The funny thing about the experience as a whole is that we had no idea we were involved in what would eventually become a cult film. To me, it was a chance to work with my fiance (the onset armourer and before you start screaming about nepotism, I rocked at the whole distressing armour job, thank you very much!), a chance to get paid for sword-fighting, and an opportunity to ask Rob Tapert what the hell a "fake shemp" was.
Would you ever be interested in writing a comic book series? Any superheroes in particular that appeal to you as a writer?

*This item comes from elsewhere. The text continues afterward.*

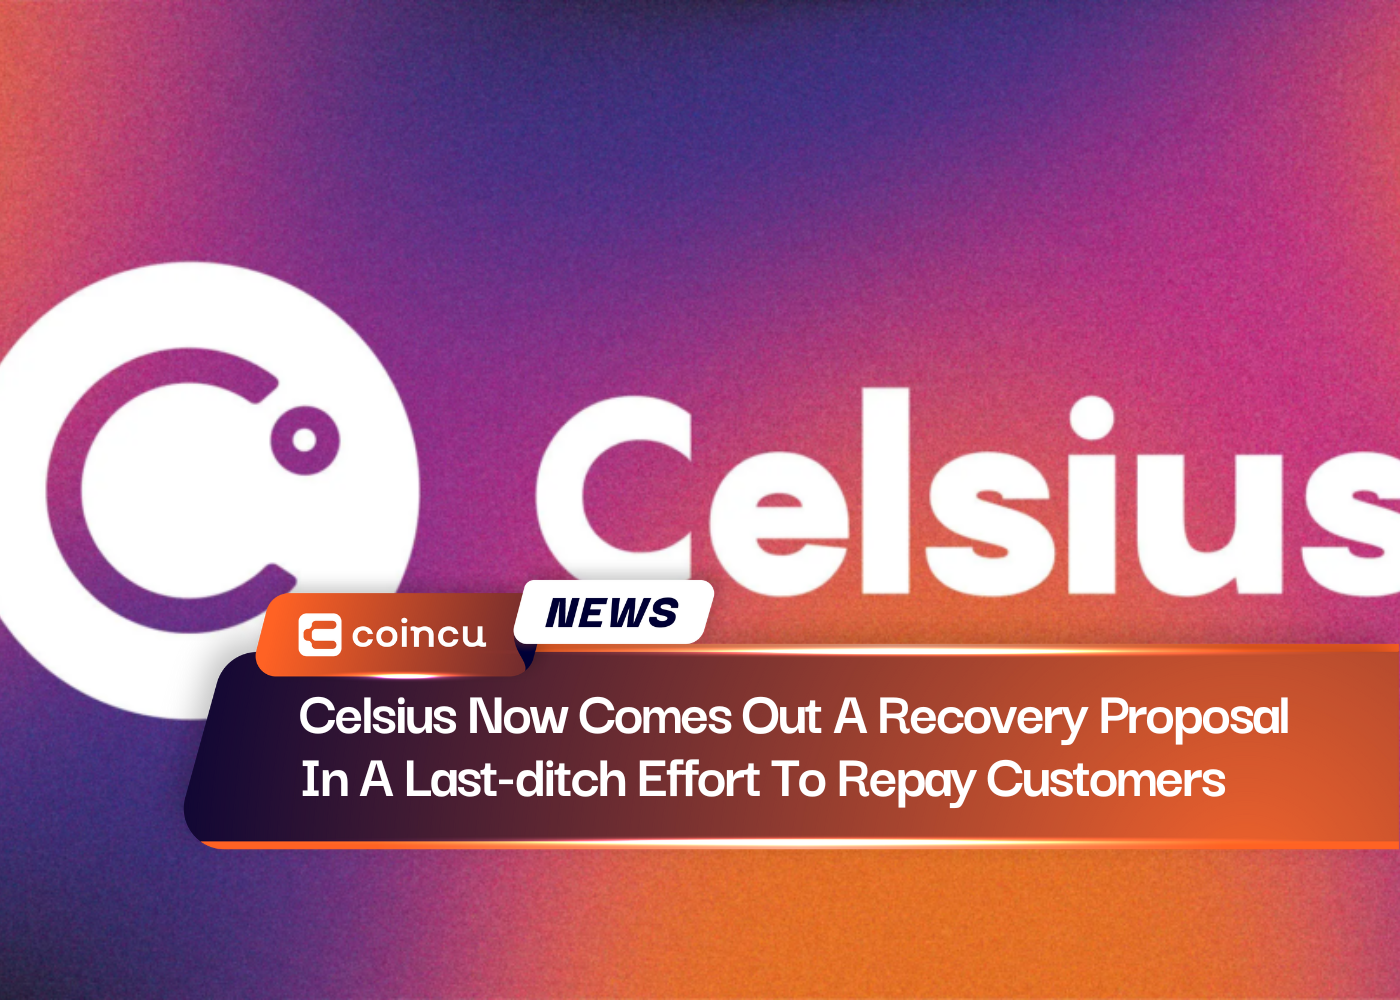 Celsius Now Comes Out A Recovery Proposal In A Last-ditch Effort To Repay Customers

Oh, absolutely I'd be interested in writing a comic. My ex and I had a contract with WeeBee Comics (based in Flint, Michigan) years ago for a series called Malitia. We were collaborating with comic book artist Mark Beachum (I did some modeling for him as well. My butt has been featured on several comic book covers, including Samuree and Achilles Storm). Sadly, WeeBee went under before the project took off. But I still have the synopsis and the artwork.
As far as superheroes appealing to me as a writer, I loved Phantom Stranger and Wonder Woman back in the day. As far as modern day comics, I'm more attracted to things like The Walking Dead and 30 Days of Night, with a variety of characters, than a specific super hero.
Is there anything else you would like to tell our readers?
I would totally go back for the cats.